I remember those days. Glad to see the pups progressing so well.


----------



## HuntersMomma (Sep 25, 2007)

Jo Ellen said:


> Those are such sweet pictures! I love how gentle your girls are being with the pups, and Mom is so good to be so relaxed !! And how cool, their eyes are open now.
> I have to tell you though ... that wasn't enough pictures !! LOL


 
I have to agree with ya on that one.. MORE MORE PICS..lol


----------



## Jersey's Mom (Nov 25, 2007)

Wow, those pups are getting big!!! Looks like the girls had a blast with them! 

Julie and Jersey


----------



## PeanutsMom (Oct 14, 2007)

They sure did! My 3 year old will get in with them and lay down and here come the pups to climb on her.She says they are her babies and has named pink girl Abigail after herself.
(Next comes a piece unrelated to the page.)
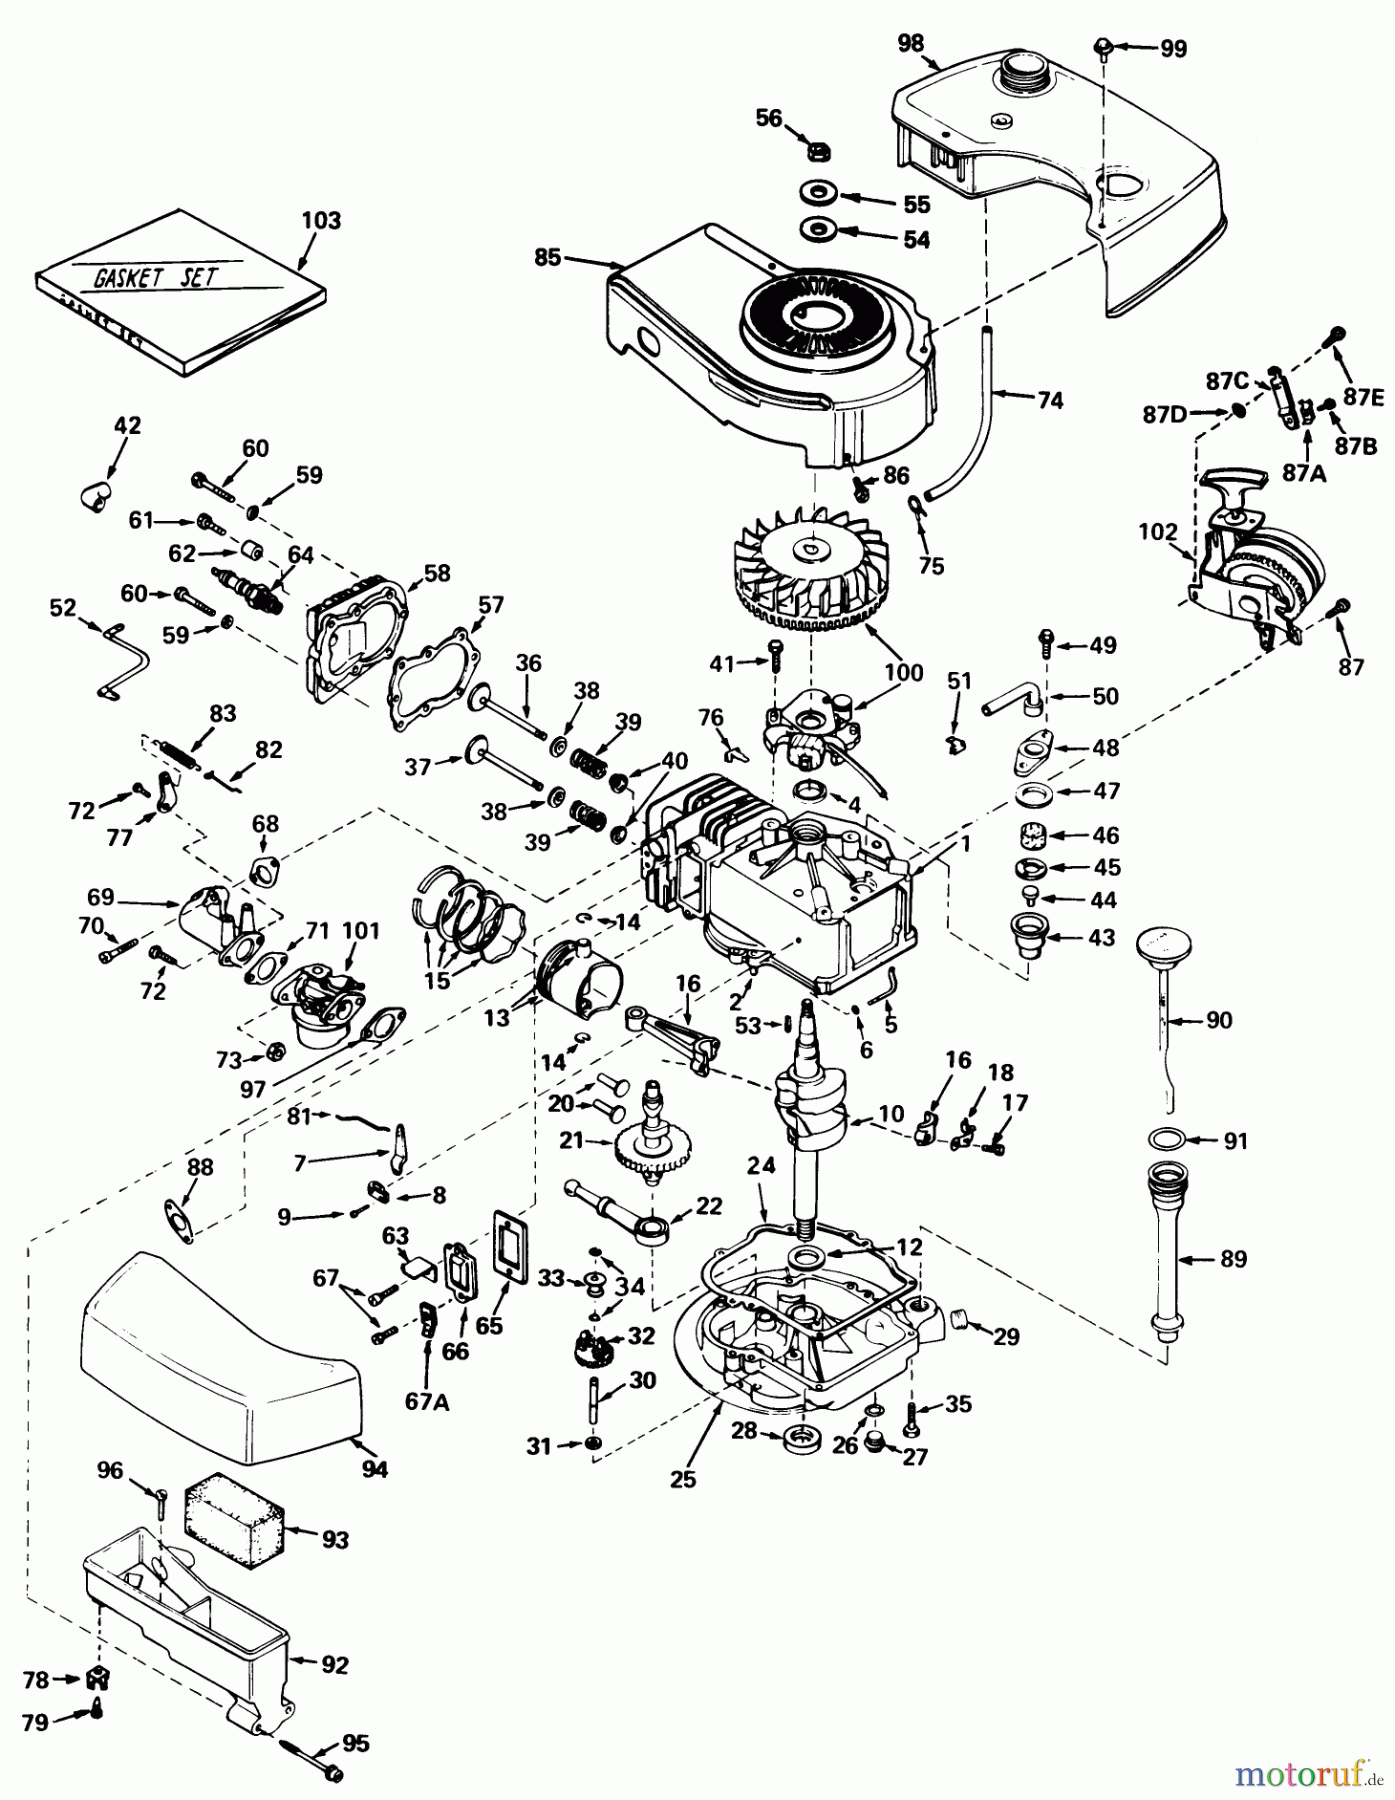  Toro Neu Mowers, Walk-Behind Seite 1 20506 - Toro Lawnmower, 1976 (6000001-6999999) ENGINE TECUMSEH MODEL NO. TNT 120-12003

LOL How awful this is going to be letting them all go.I dread that day.


----------



## HuntersMomma (Sep 25, 2007)

PeanutsMom said:


> They sure did! My 3 year old will get in with them and lay down and here come the pups to climb on her.She says they are her babies and has named pink girl Abigail after herself. LOL How awful this is going to be letting them all go.I dread that day.


 
aaaaaaawwwwwwwww how cute

are you gonna keep Pink girl Aka Abigail

I am sure that you are gonna dread that day but you will be able to see 2 of them grow up and maybe the other owners will send pic's too...


----------



## boyd114 (Mar 7, 2007)

vey cute pics!!


----------



## JensDreamboy (May 25, 2007)

AWwwwwwww how beautiful!! They are so so cute! I love the one of the pup looking up from under mom! I agree with the above, MORE more more pics!


----------



## fostermom (Sep 6, 2007)

They are adorable!


----------



## lovealways_jami (Apr 17, 2007)

I see my baby!! Awww what I wouldnt do to have all of them!!


----------